与先前针对单源样本的研究不同,本研究评估了两人DNA混合物中的PCR后纯化效果。研究人员评估了总DNA投入量为50 pg和25 pg、混合比例从1:19到19:1的混合物,代表了法医案件中典型的低模板量。采用数据评估的一致性方法(在3次重复中≥2次观察到的等位基因视为可靠),通过Amplicon Rx进行纯化和浓缩持续减少了等位基因丢失(allelic dropout)并提高了峰高。
在25 pg时,未纯化样本表现出广泛的丢失导致无法解释,而纯化样本在比例≥4:1时保留了主要贡献者分型所需的足够位点。在50 pg时,纯化使得在比例低至1:4(次要贡献者DNA为10 pg)时恢复约9个完整的杂合位点,而未纯化样本仅为3-4个位点。这种改进在操作上具有意义:≥8个CODIS核心位点可能实现数据库检索(NDIS资格),而低于此阈值的图谱通常不可检索。在50 pg时,主要贡献者在纯化后始终产生16-18个完整的杂合位点。

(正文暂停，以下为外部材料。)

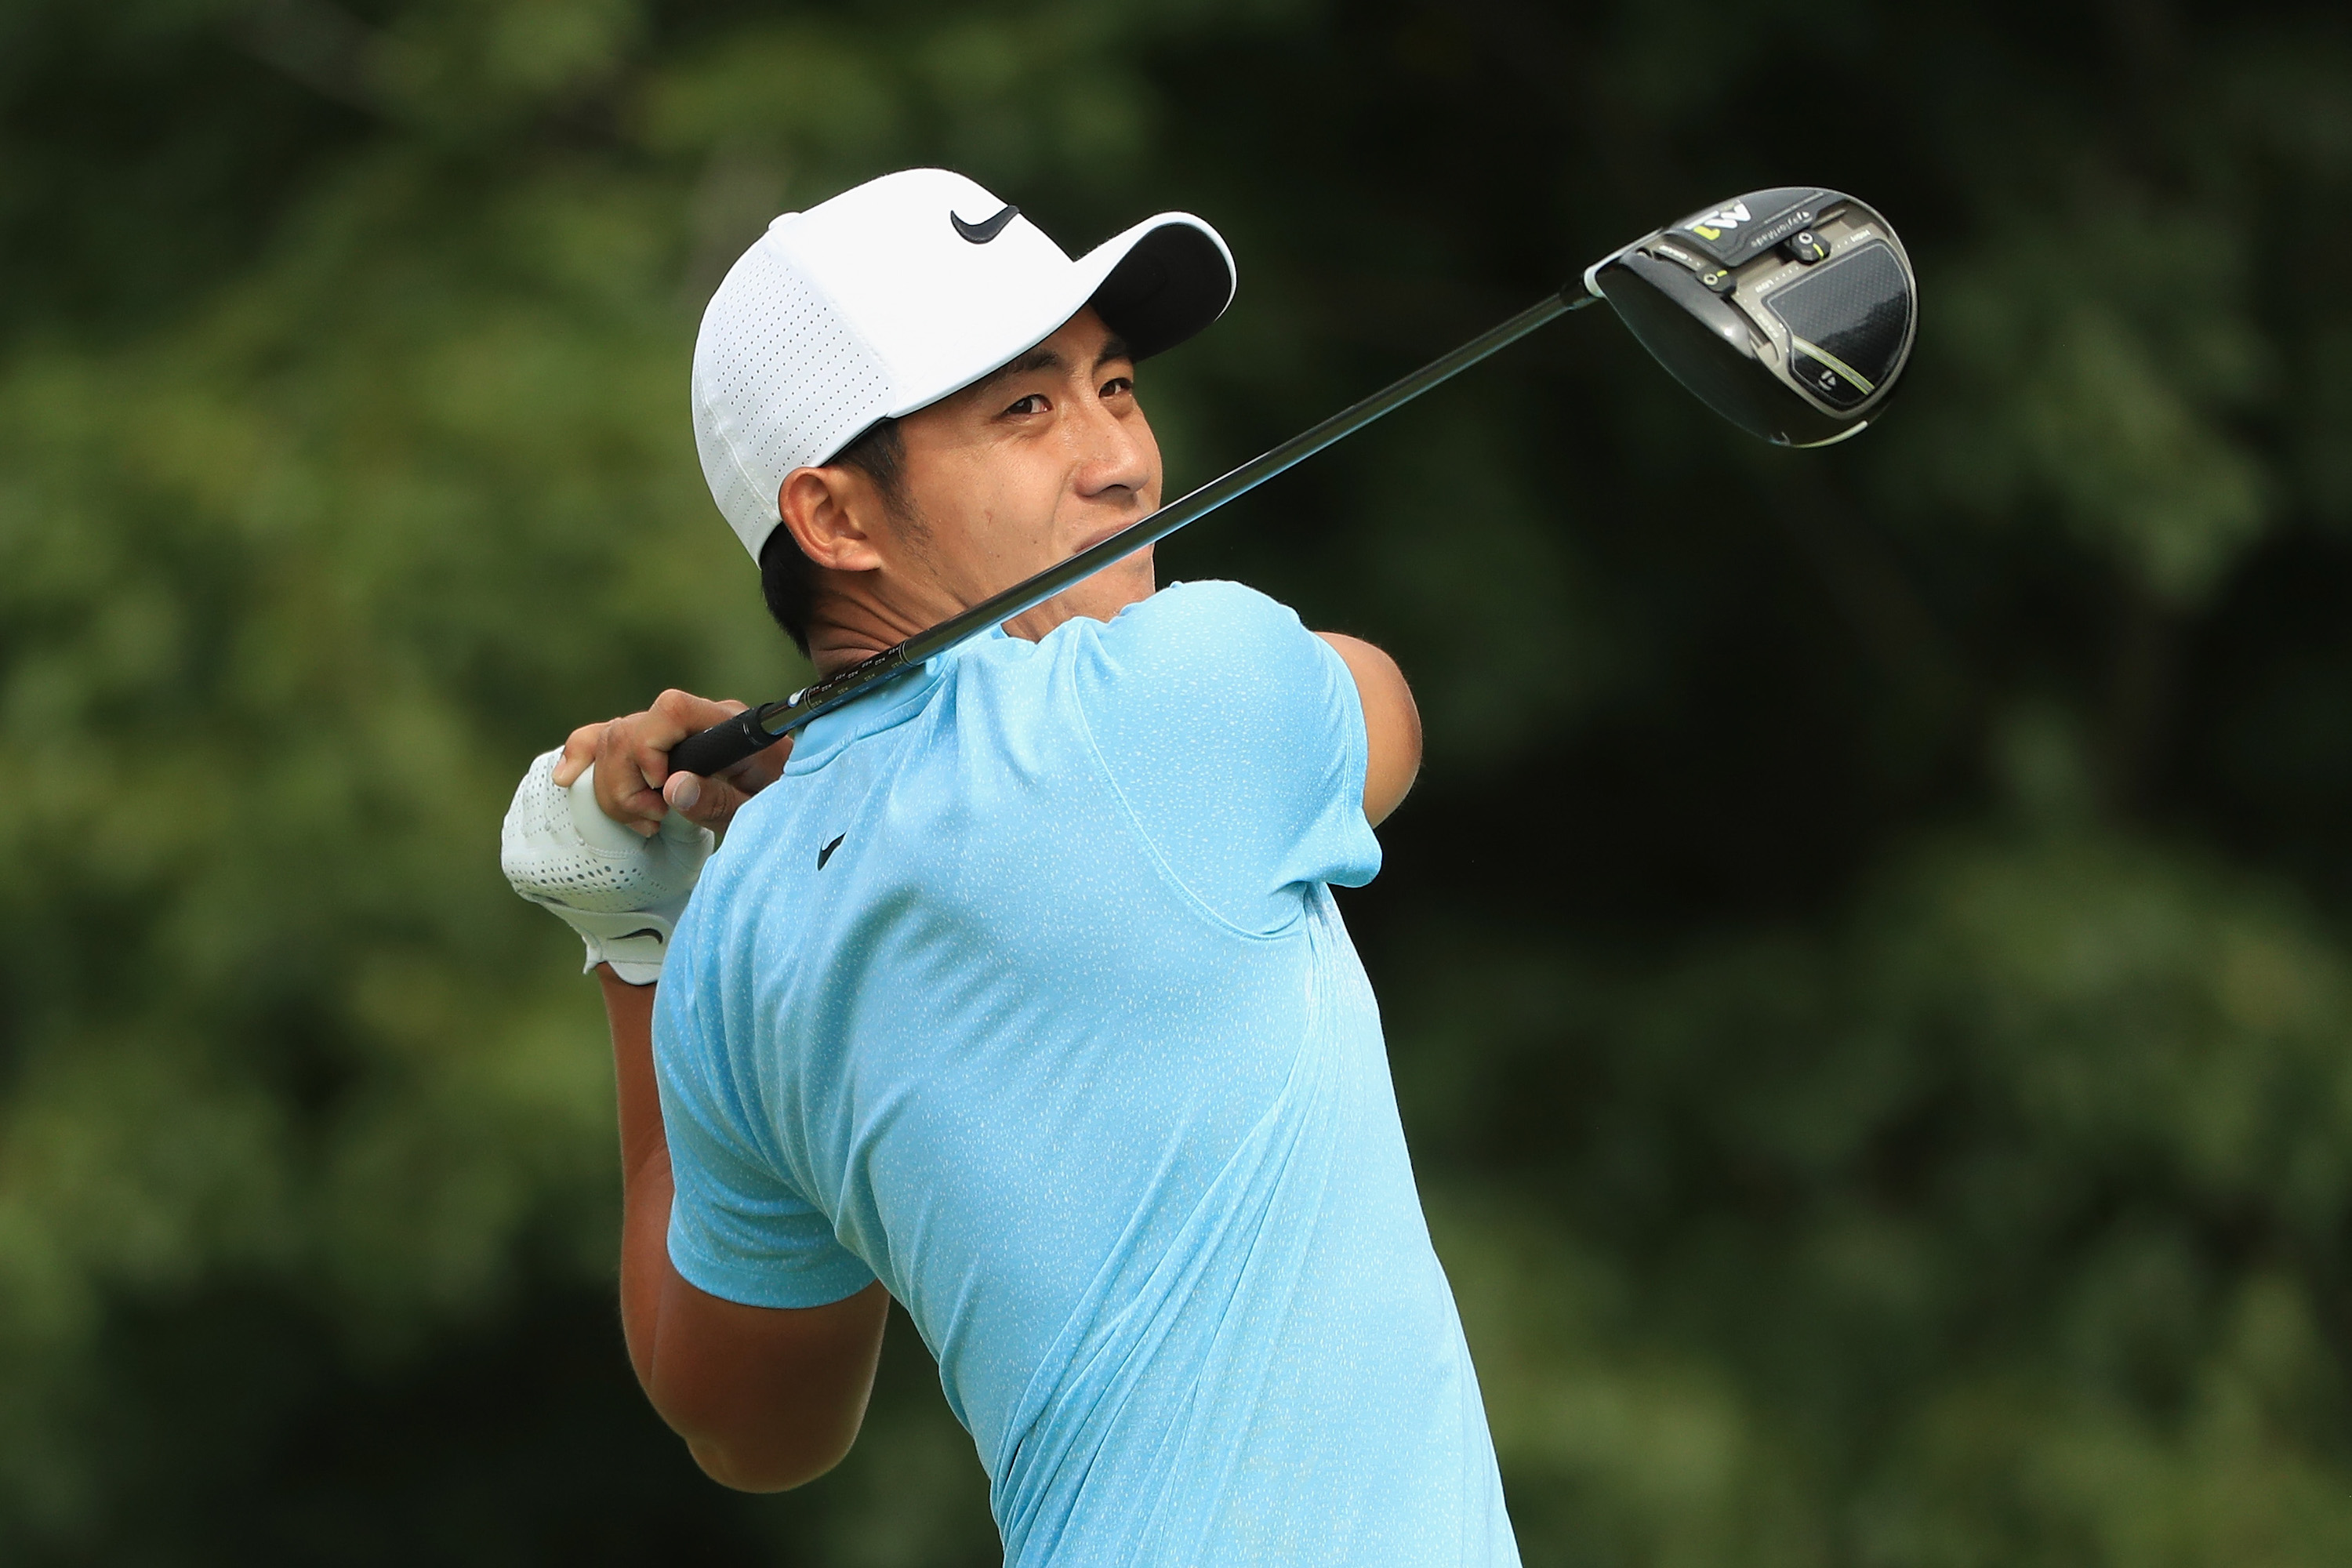 CHINESE TAIPEI’S PAN SETS SIGHT ON A STRONG YEAR ON PGA TOUR
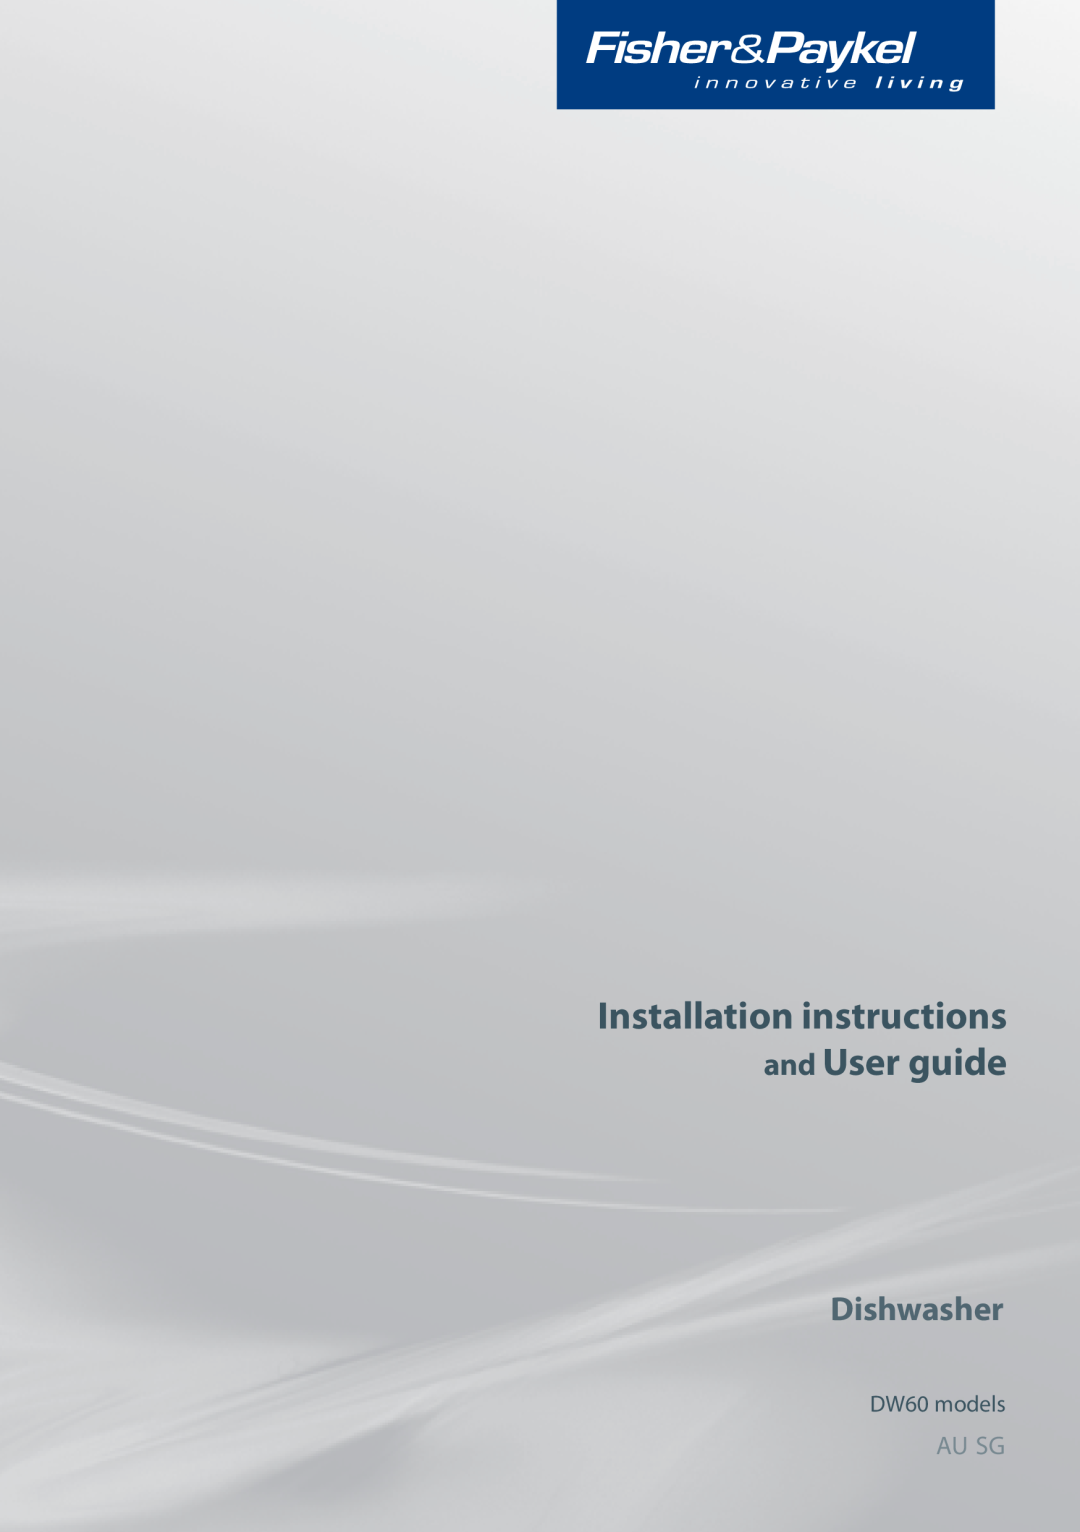 Fisher & Paykel DW60 installation instructions Installation instructions and User guide, Dishwasher, Nz Au Sg

这些发现表明,Amplicon Rx纯化可显著改善低模板混合物中的等位基因回收率和图谱可解释性,增加生成可数据库检索DNA图谱的可能性。这支持了在DNA量受限的法医工作流程中潜在整合PCR后纯化的可行性。
该研究发表于《Forensic Science International: Reports》,针对法医实验室毛细管电泳通常仅使用1 μL的25 μL PCR产物、剩余96%扩增DNA未被利用或因荧光信号衰减导致分析失败的问题,以及低模板DNA分析中因随机效应(stochastic effects)导致不可预测的等位基因丢失和扩增不一致、峰高常低于解释阈值致使图谱无法解释的现况开展研究。目前虽有增加PCR循环数、延长注射时间等方法,但PCR后纯化(Post-PCR purification)作为互补策略可选择性提高信噪比并利用废弃产物提供二次分析机会。既往研究多关注单源样本,该文系统评估了Amplicon Rx在GlobalFiler PCR扩增中对两人低模板DNA混合物(25-50 pg)的效能,确立解释阈值并评估等位基因回收率,旨在定义其在涉及低模板混合物的挑战性法医案件中的实用价值。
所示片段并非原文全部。